**DATA BLOCK:**
Start of Block

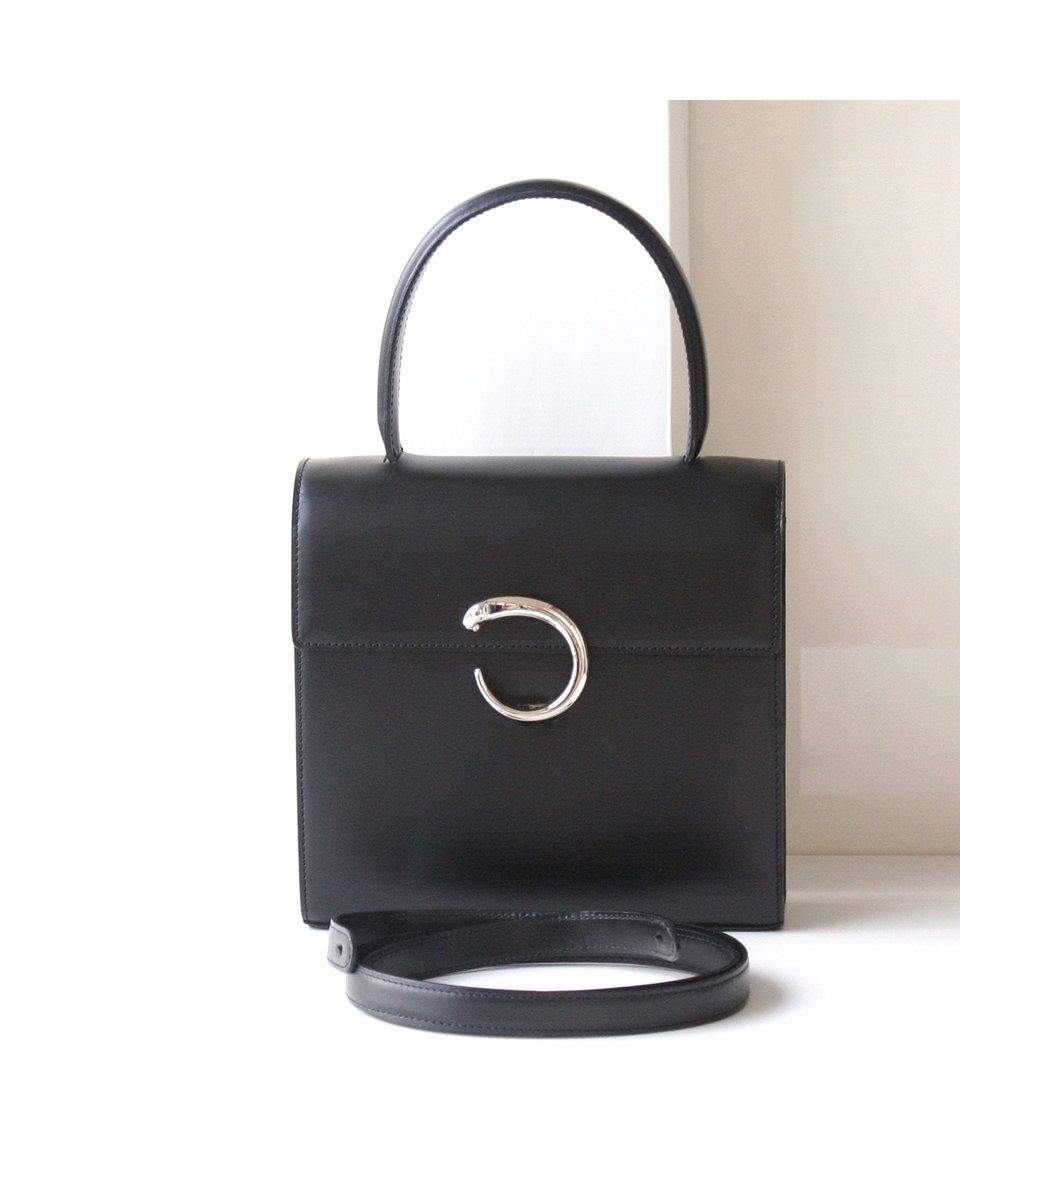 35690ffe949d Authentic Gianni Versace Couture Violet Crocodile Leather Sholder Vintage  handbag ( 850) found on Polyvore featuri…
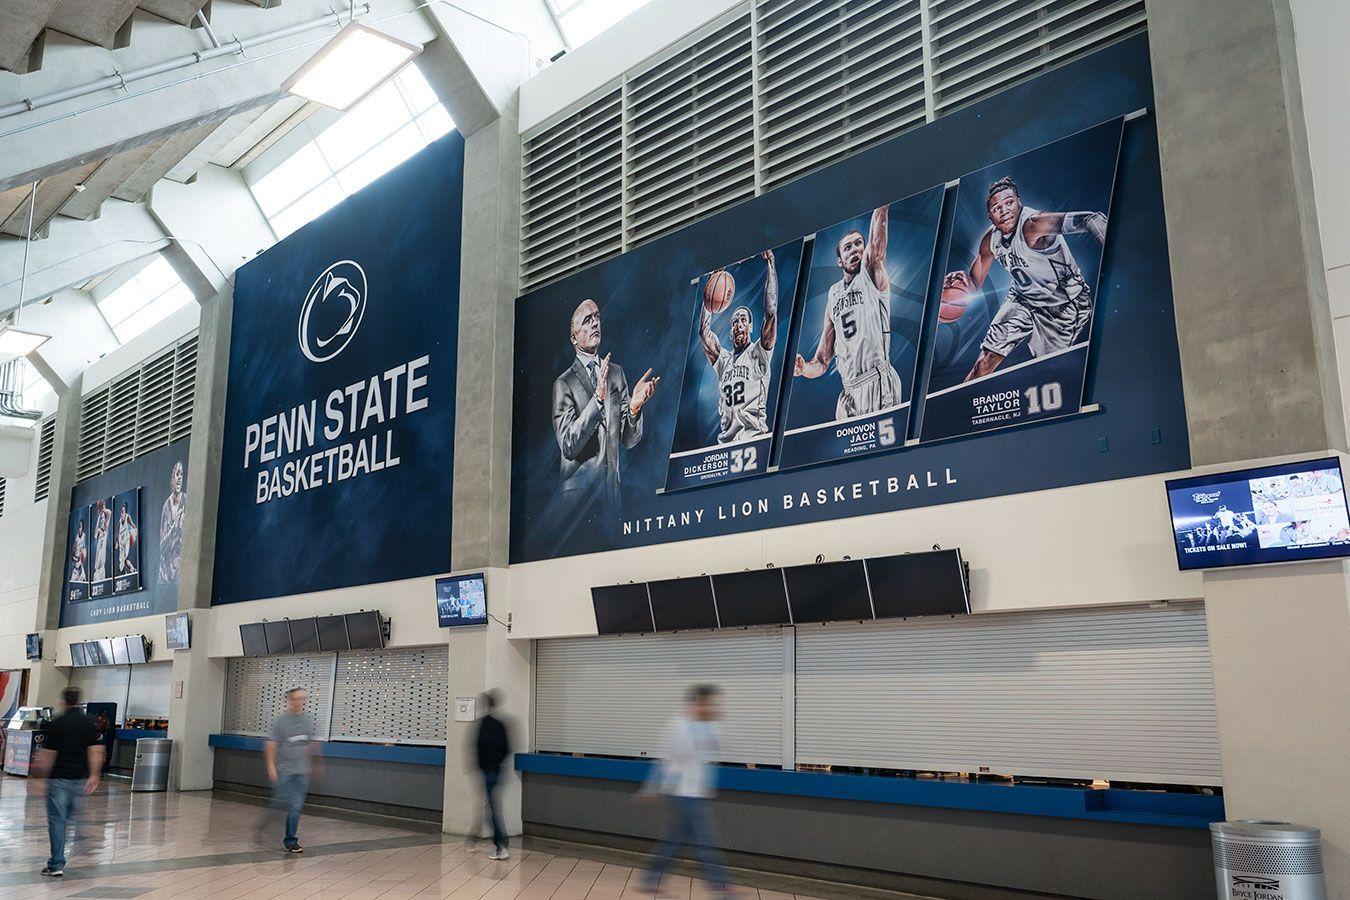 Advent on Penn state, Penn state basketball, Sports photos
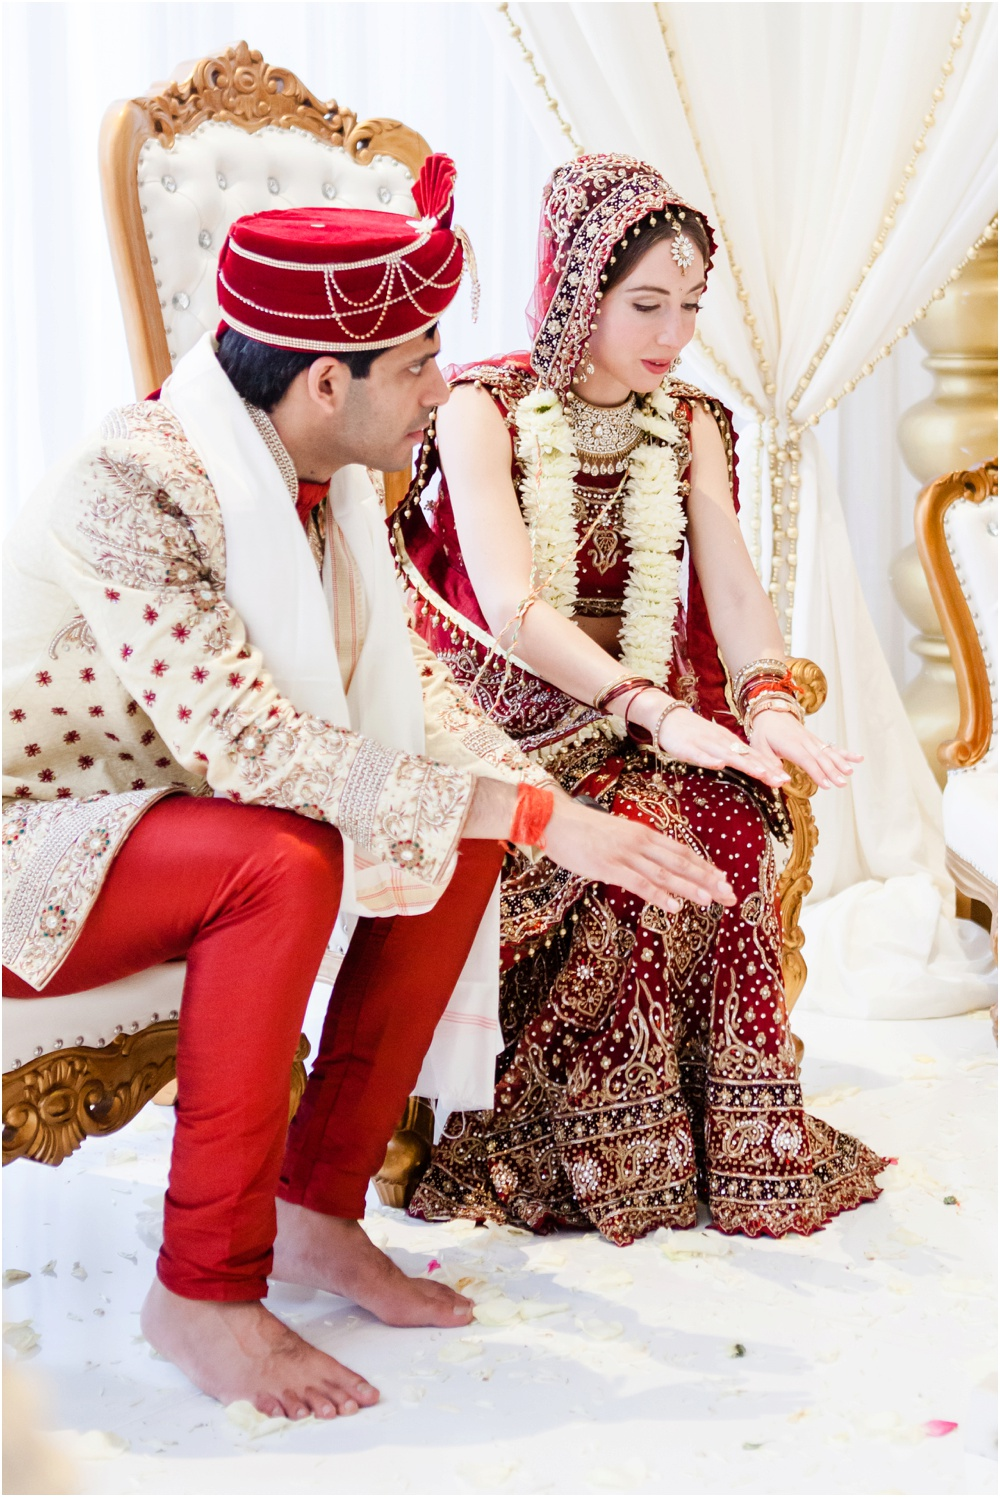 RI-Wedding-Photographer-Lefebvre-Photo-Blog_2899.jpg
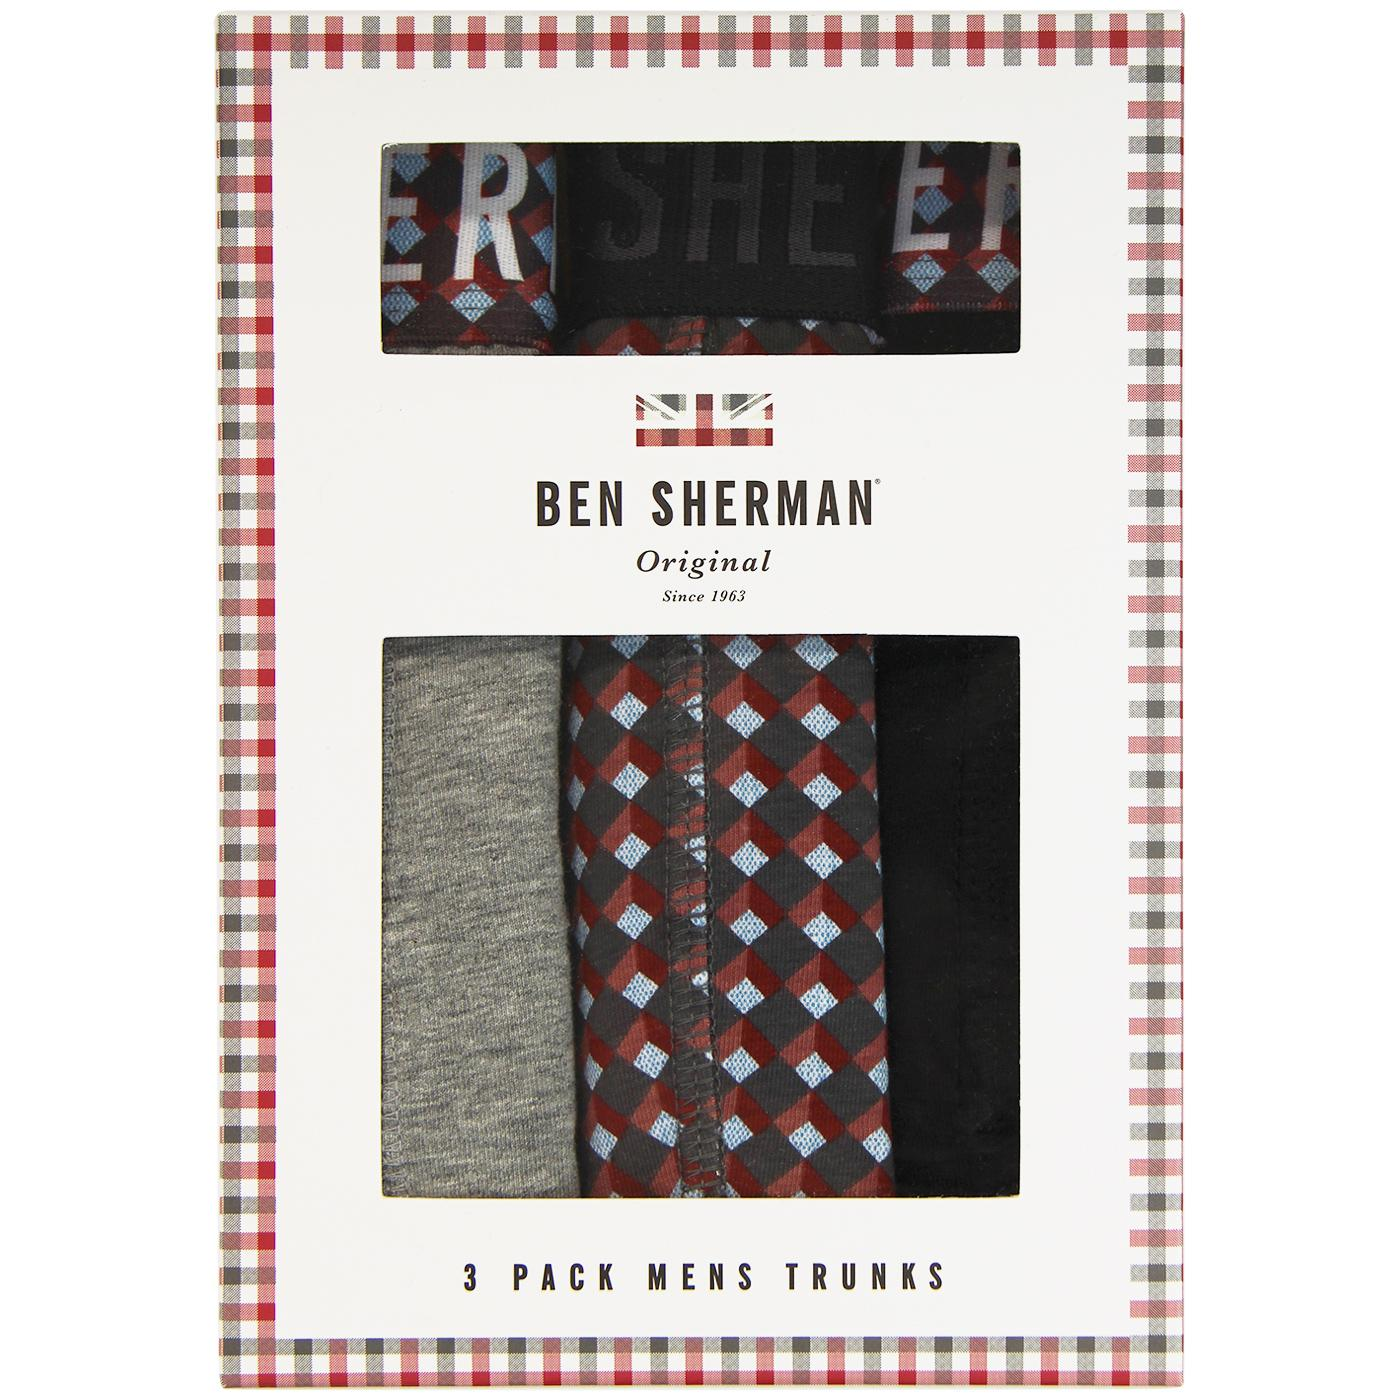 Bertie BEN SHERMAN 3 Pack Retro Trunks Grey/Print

End of Block

**PROBLEM REQUIREMENTS:** Could you output the entire listing verbatim while omitting its pictures?

**THE COMPLETED TASK:**
 35690ffe949d Authentic Gianni Versace Couture Violet Crocodile Leather Sholder Vintage  handbag ( 850) found on Polyvore featuri…
 Advent on Penn state, Penn state basketball, Sports photos
 RI-Wedding-Photographer-Lefebvre-Photo-Blog_2899.jpg
 Bertie BEN SHERMAN 3 Pack Retro Trunks Grey/Print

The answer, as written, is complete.